Supporting non-deterministic collations with tailoring rules.

Started by Todd Lang4 months ago4 messages
#1Todd Lang
Todd.Lang@D2L.com

Reposting this here from the Discord server as requested:

When creating a collation, in https://github.com/postgres/postgres/blob/master/src/backend/utils/adt/pg_locale_icu.c#L461 it is opening the collator with the tailoring rules supplied. However, it has hardcoded the strength level UCOL_DEFAULT_STRENGTH. This has the effect of ignoring the "deterministic=false" you may have specified in your CREATE COLLATION call. If, instead of UCOL_DEFAULT_STRENGTH, the code understood the deterministic parameter and passed either UCOL_PRIMARY for "deterministic=true", and UCOL_SECONDARY for "deterministic=false", this would preserve the attempt to obtain case-insensitivity in the locale while simultaneously allowing tailoring as expected.

I have made the modification to the pg_locale_icu.c and tested it locally (simply hardcoding UCOL_SECONDARY - not checking the deterministic parameter) and it behaves as expected, though I freely admit my knowledge of ICU intersecting with Postgres is rather limited.

#2Daniel Verite
daniel@manitou-mail.org
In reply to: Todd Lang (#1)
1 attachment(s)
Re: Supporting non-deterministic collations with tailoring rules.

Todd Lang wrote:

When creating a collation, in
https://github.com/postgres/postgres/blob/master/src/backend/utils/adt/pg_locale_icu.c#L461
it is opening the collator with the tailoring rules supplied. However, it
has hardcoded the strength level UCOL_DEFAULT_STRENGTH. This has the effect
of ignoring the "deterministic=false" you may have specified in your CREATE
COLLATION call.

This is related to BUG #18771 previously reported at [1]/messages/by-id/18771-98bb23e455b0f367@postgresql.org,
where the reporter notes that passing UCOL_DEFAULT works
for him whereas UCOL_DEFAULT_STRENGTH does not.
It looks like a documentation bug in ICU [2]https://unicode-org.github.io/icu-docs/apidoc/released/icu4c/ucol_8h.html#a0cb1ddd81f322ed24e389f208eb35c8a
It says:

strength: The default collation strength; one of UCOL_PRIMARY,
UCOL_SECONDARY, UCOL_TERTIARY, UCOL_IDENTICAL,UCOL_DEFAULT_STRENGTH
- can be also set in the rules.

But UCOL_DEFAULT_STRENGTH is an alias for UCOL_TERTIARY.
U_COL_DEFAULT is what should normally be passed to not override the
collation strength.

Now, by "it works", it means that the strength expressed in the rule
(with rules = '[strength 1]' in the case of the OP) takes effect.
This syntax is described at [3]https://www.unicode.org/reports/tr35/tr35-collation.html#Setting_Options (see "Rule Syntax" column)
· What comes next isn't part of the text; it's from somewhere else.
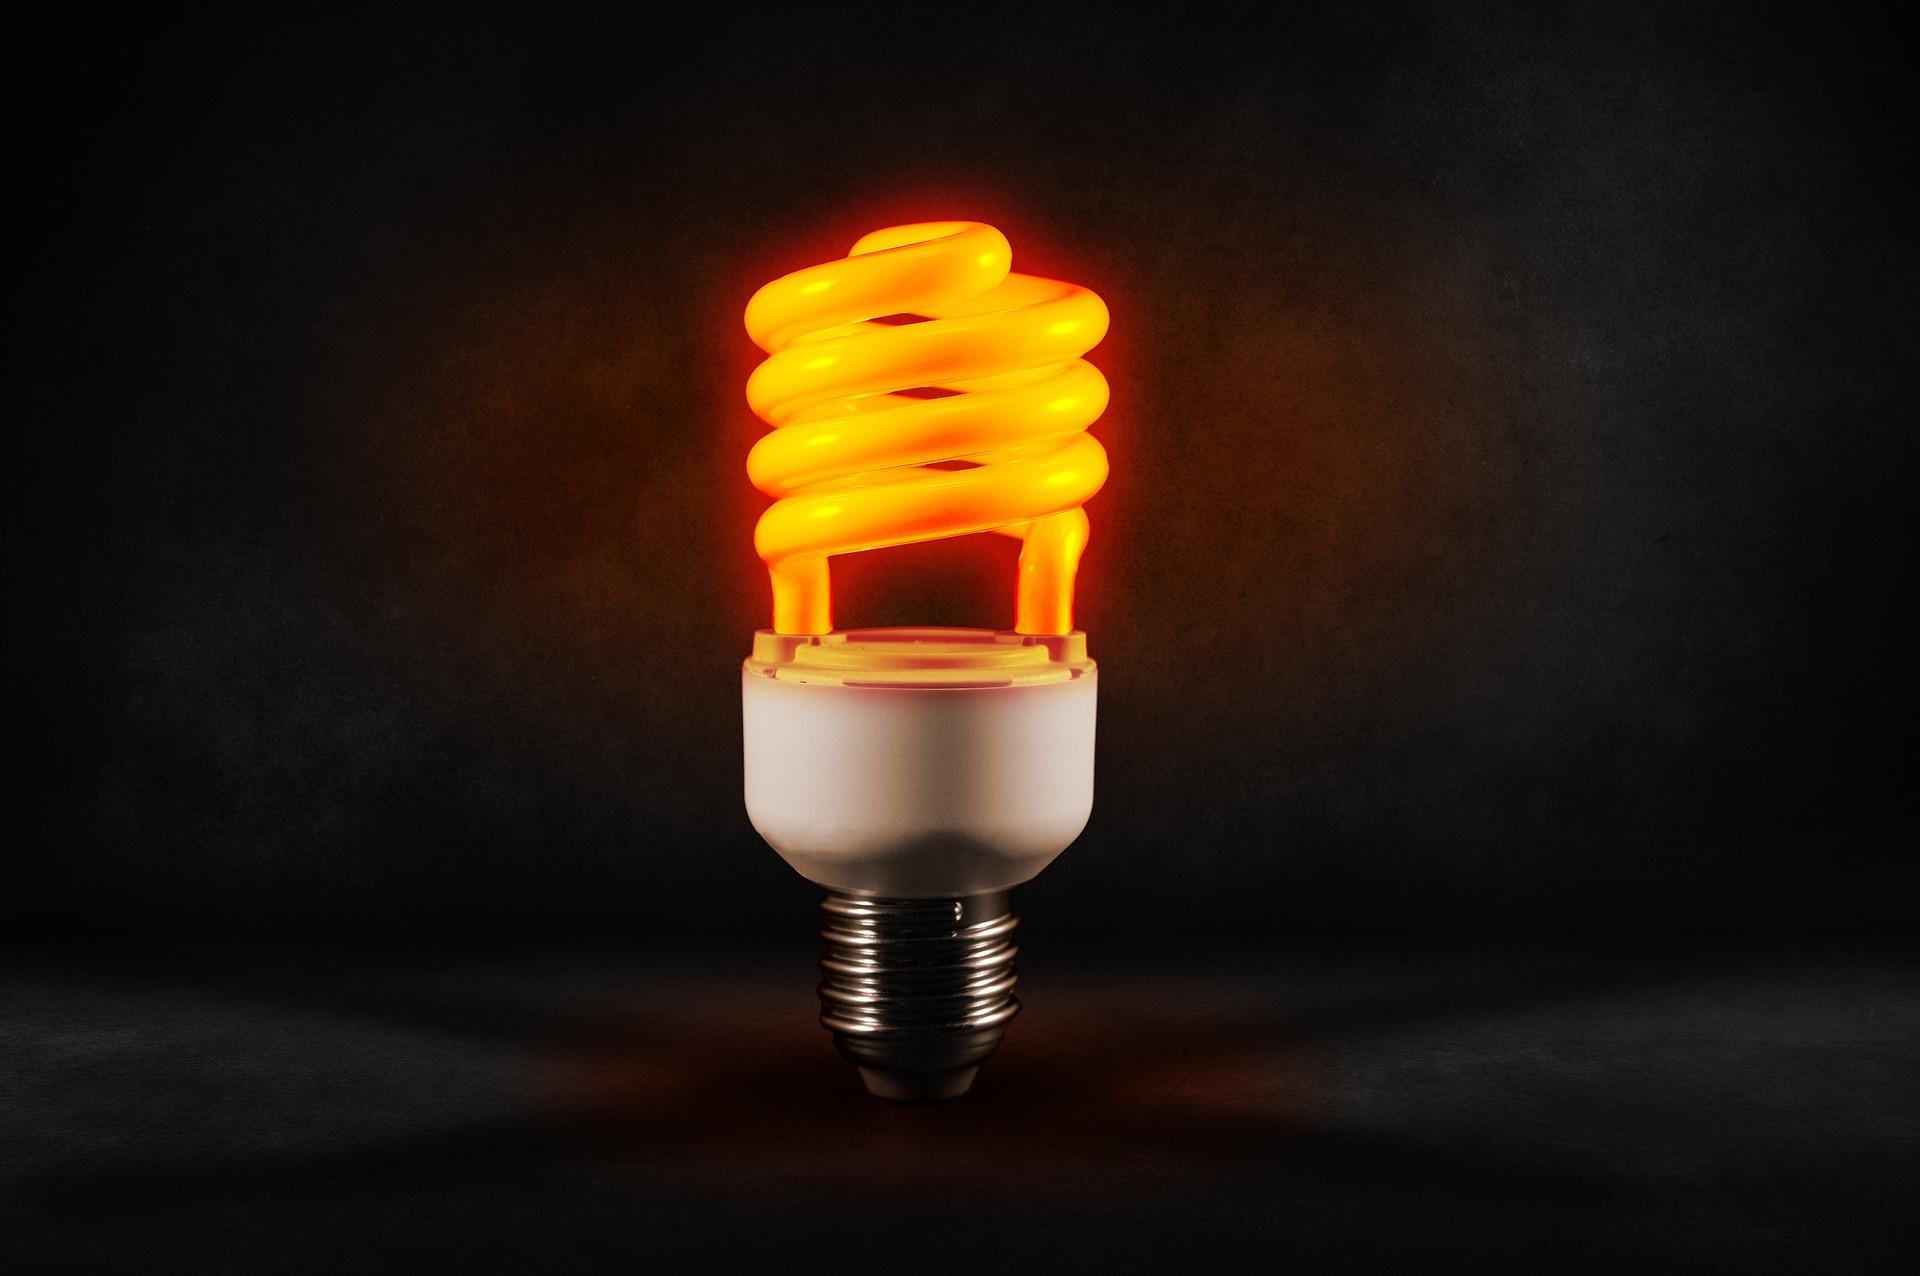 higiene-industrial-bombilla Higiene Industrial: El Mercurio y las bombillas de bajo consumo

There is a second problem: when the strength is specified in
the locale and not specified in the rules (as you did), it would also
be expected to take effect. It does not appear to be the case,
as if the rules were resetting the collation settings.
As mentioned in the thread at [1]/messages/by-id/18771-98bb23e455b0f367@postgresql.org, Peter Eisentraut has submitted
this as a bug [4]https://unicode-org.atlassian.net/browse/ICU-22456, but there hasn't been any follow-up to it
in 2.5 years.

If, instead of UCOL_DEFAULT_STRENGTH, the code understood the
deterministic parameter and passed either UCOL_PRIMARY for
"deterministic=true", and UCOL_SECONDARY for "deterministic=false",
this would preserve the attempt to obtain case-insensitivity in the
locale while simultaneously allowing tailoring as expected.
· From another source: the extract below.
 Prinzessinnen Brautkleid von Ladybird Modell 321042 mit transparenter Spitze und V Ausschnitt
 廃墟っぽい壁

We can't hardcode that deterministic=false implies that the strength
is 2. deterministic=false only says that the collation can have equal
strings that are not binary-equal.

To me, the most plausible fix on the Postgres side would be to pass
UCOL_DEFAULT instead of UCOL_DEFAULT_STRENGTH as in the attached,
which lets the user specify the strength in the rule, as the OP did in [1]/messages/by-id/18771-98bb23e455b0f367@postgresql.org.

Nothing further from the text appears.